Eine evtl. einfache Frage. was würded ihr für die gegenseitige verriegelung für zwei Motoren empfehlen, das 0-10V Signal zu unterberchen oder die 400V Versorgungsspanung zu unterbrechen.
Das 0-10V Signal wäre einfacher, da ein kleines Relais ausreichend wäre.


----------



## winnman (26 November 2020)

Kommt darauf an wie kritisch die Verriegelung zwischen den Motoren ist.
Was kann passieren wenn beide laufen?
Mechanischer Schaden, wie groß
Personenschaden?

Wenn das prinzipiell zu keinem Schaden kommen kann (zB. parallele Pumpen in Heizungen, . . .) dann könnte man die 10V Variante nehmen (wobei ich auch da die Trennung von der 400V Versorgung vorziehe da dann auch e, Gefahren bei Pumpenwechsel, . . . geringer werden).
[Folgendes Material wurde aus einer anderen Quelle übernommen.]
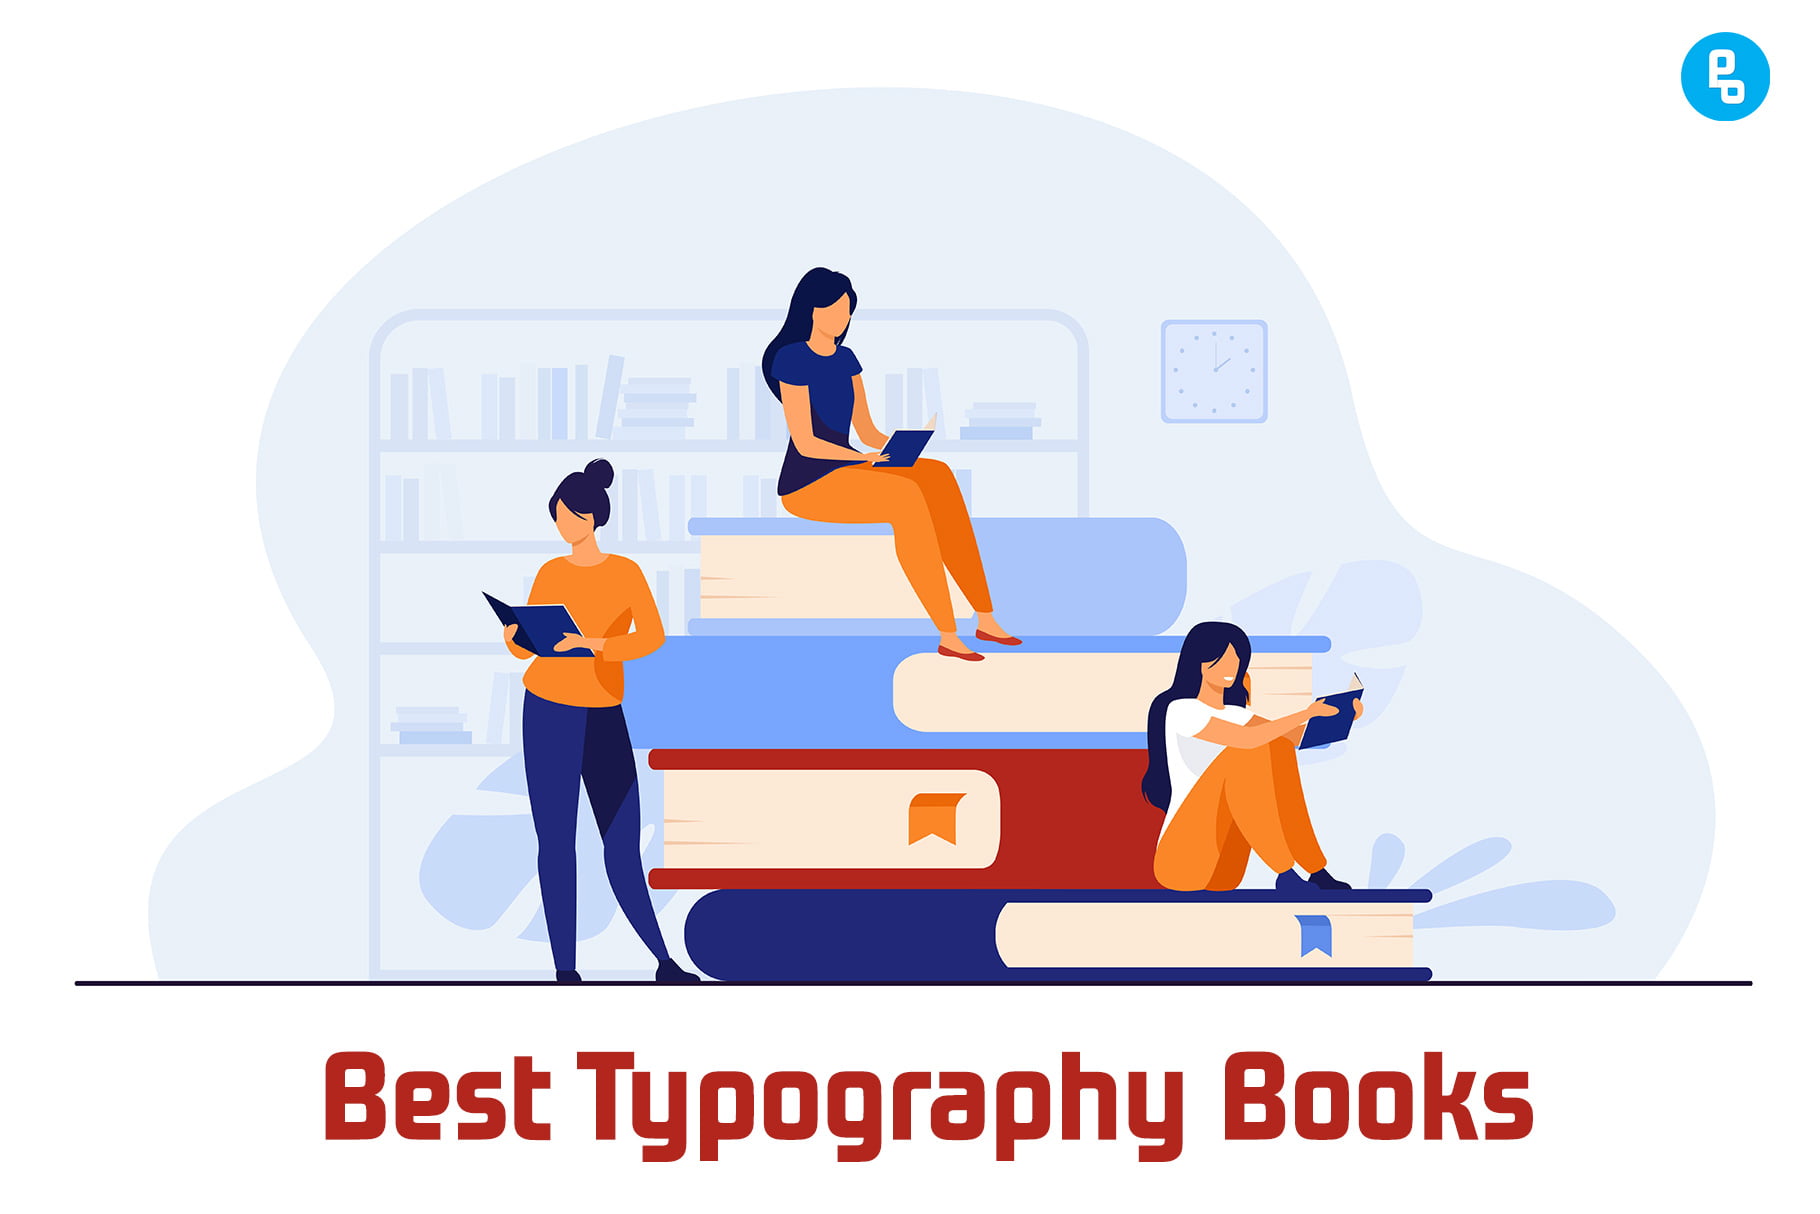 We’ve compiled a list of some of the best books on typography that will make you a better designer. These books are perfect for anyone who is new to the field, but they also contain valuable information for more experienced designers as well.

Wenn es im laufenden Betrieb laufend vorkommen soll das zwischen den zwei Antrieben gewechselt werden soll, dann auch die 10V, ausser es gibt Gefahren (siehe oben)


----------



## philipp00 (26 November 2020)

Eigentlich handelt es sich hier um eine kleine Steuerung die beide Lüfter am Monoblock ansteuert, dient nur als provisorium, dies müssen ja zusammen laufen.
Aber passt soweit, du hast mir schon sehr geholfen.

Gruss


----------